Core Tip: Metabolic dysfunction-associated fatty liver disease (MAFLD) is a bur-densome public health problem. The diagnostic assessment of MAFLD is an important step for timely management. Extensive effort and encouraging progress have been made to establish non-invasive tests to diagnose steatohepatitis and fibrosis.
- Citation: Qu B, Li Z. Exploring non-invasive diagnostics for metabolic dysfunction-associated fatty liver disease. World J Gastroenterol 2024; 30(28): 3447-3451
- URL: https://www.wjgnet.com/1007-9327/full/v30/i28/3447.htm
- DOI: https://dx.doi.org/10.3748/wjg.v30.i28.3447
We read with great interest the article by Trinks et al[1] on the omics-based biomarkers as diagnostic tools for metabolic dysfunction-associated fatty liver disease (MAFLD). Due to its global epidemic, MAFLD becomes a burdensome public health problem[2]. The development of steatohepatitis, especially liver fibrosis, is most strongly associated with poorer long-term outcomes and increased incidence of liver-related mortality[3-5]. It is in this context that identification of people at risk of progression to advanced stages is necessary to timely offer interventions and appropriate care. Currently, liver biopsy is still the reference standard for diagnosis and staging of MAFLD. However, it is an invasive approach with poor compliance and a small but appreciable risk of complications[6]. Besides, it is also expensive, prone to sampling bias, and has high intra- and interobserver variability[6-8]. These inherent limitations have driven the need for non-invasive approaches to replace liver biopsy in severity assessment and risk stratification of patients with MASLD. In this regard, extensive effort and encouraging progress have been made in this filed. There is now increased availability of non-invasive tests, and some become increasingly incorporated into routine clinical practice[9-12]. These non-invasive approaches mostly include biomarkers and algorithms derived from anthropometric measurements[9], serum tests[10], imaging[11], or stool metagenome profiling[12].

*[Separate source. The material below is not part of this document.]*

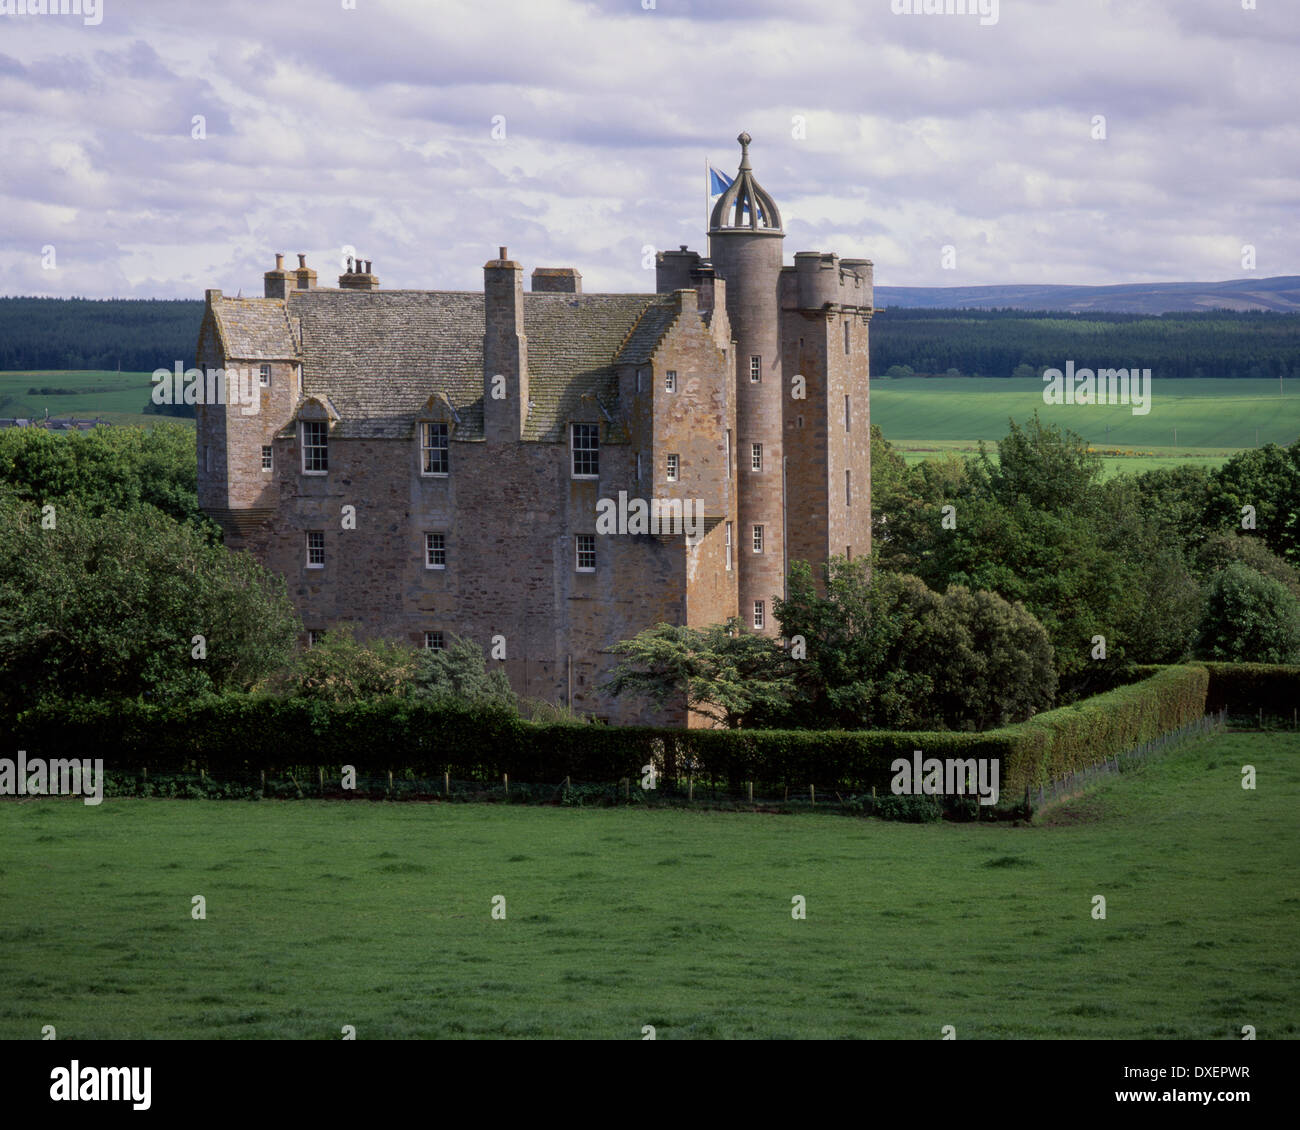 Stuart castle, 1st earl of Moray, built in 1625 situated nr Inverness, Moray Firth. Stock Photo

Anthropometric indicators have been used for prediction of MASLD, such as body mass index, abdomen, waist, and chest circumferences, and trunk fat. These indicators are easy to be determined with simple and affordable equipment, thus making them ideal for use in remote areas or in primary clinical practice[9]. Recently, artificial intelligence, such as machine learning and deep learning, has been applied to assist anthropometric diagnostics of MAFLD[13]. However, these indicators are still limited by suboptimal accuracy, especially in detecting fibrosis[13].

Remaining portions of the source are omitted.